Records from a data collection:
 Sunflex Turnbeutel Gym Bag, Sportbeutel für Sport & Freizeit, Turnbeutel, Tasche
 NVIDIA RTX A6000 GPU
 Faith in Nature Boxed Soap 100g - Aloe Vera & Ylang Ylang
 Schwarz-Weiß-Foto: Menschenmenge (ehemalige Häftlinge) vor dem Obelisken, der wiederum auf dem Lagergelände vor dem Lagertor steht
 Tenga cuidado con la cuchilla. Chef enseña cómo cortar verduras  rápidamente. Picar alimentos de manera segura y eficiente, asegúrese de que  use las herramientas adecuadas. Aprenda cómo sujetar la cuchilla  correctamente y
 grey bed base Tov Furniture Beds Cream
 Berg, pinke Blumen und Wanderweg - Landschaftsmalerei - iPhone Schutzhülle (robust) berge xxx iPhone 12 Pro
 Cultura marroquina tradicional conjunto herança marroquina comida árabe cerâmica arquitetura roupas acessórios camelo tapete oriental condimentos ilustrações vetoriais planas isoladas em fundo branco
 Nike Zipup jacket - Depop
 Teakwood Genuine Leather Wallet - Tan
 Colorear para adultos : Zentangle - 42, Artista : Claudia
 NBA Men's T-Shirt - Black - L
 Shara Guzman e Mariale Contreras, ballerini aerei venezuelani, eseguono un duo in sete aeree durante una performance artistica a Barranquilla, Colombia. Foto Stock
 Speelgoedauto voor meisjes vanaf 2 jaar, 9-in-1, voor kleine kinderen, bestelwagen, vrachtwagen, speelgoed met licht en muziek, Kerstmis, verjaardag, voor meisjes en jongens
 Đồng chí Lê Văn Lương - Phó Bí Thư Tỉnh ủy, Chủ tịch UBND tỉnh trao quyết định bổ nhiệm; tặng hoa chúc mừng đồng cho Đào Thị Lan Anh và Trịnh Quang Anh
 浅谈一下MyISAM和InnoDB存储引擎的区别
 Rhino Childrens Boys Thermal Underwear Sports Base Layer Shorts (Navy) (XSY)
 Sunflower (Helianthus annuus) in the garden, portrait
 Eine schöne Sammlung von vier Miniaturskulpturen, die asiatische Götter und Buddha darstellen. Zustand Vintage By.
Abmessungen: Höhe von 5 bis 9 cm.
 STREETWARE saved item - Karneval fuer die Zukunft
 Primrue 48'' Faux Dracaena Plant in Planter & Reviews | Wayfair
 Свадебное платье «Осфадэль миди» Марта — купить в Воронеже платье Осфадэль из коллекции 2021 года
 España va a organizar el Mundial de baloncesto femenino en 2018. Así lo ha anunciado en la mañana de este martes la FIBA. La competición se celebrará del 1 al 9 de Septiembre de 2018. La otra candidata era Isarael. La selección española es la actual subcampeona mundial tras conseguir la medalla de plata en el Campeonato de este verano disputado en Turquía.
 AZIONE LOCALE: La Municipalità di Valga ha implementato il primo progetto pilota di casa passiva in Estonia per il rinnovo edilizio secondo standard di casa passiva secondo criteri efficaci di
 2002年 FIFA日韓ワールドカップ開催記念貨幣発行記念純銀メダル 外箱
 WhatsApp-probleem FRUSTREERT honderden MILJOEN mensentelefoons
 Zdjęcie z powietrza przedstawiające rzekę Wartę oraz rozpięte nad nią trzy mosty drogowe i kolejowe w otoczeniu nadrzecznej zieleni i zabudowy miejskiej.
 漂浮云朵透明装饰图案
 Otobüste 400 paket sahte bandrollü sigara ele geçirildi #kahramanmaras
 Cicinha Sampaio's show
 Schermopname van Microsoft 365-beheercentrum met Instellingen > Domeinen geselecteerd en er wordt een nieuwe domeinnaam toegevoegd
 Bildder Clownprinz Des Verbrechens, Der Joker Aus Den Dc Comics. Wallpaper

◆ **EXERCISE OBJECTIVE**:
Give the lines again, exactly as they stand, from the beginning of the data through the line with "Shara Guzman e".

◆ **OUTPUT OF THE TASK**:
 Sunflex Turnbeutel Gym Bag, Sportbeutel für Sport & Freizeit, Turnbeutel, Tasche
 NVIDIA RTX A6000 GPU
 Faith in Nature Boxed Soap 100g - Aloe Vera & Ylang Ylang
 Schwarz-Weiß-Foto: Menschenmenge (ehemalige Häftlinge) vor dem Obelisken, der wiederum auf dem Lagergelände vor dem Lagertor steht
 Tenga cuidado con la cuchilla. Chef enseña cómo cortar verduras  rápidamente. Picar alimentos de manera segura y eficiente, asegúrese de que  use las herramientas adecuadas. Aprenda cómo sujetar la cuchilla  correctamente y
 grey bed base Tov Furniture Beds Cream
 Berg, pinke Blumen und Wanderweg - Landschaftsmalerei - iPhone Schutzhülle (robust) berge xxx iPhone 12 Pro
 Cultura marroquina tradicional conjunto herança marroquina comida árabe cerâmica arquitetura roupas acessórios camelo tapete oriental condimentos ilustrações vetoriais planas isoladas em fundo branco
 Nike Zipup jacket - Depop
 Teakwood Genuine Leather Wallet - Tan
 Colorear para adultos : Zentangle - 42, Artista : Claudia
 NBA Men's T-Shirt - Black - L
 Shara Guzman e Mariale Contreras, ballerini aerei venezuelani, eseguono un duo in sete aeree durante una performance artistica a Barranquilla, Colombia. Foto Stock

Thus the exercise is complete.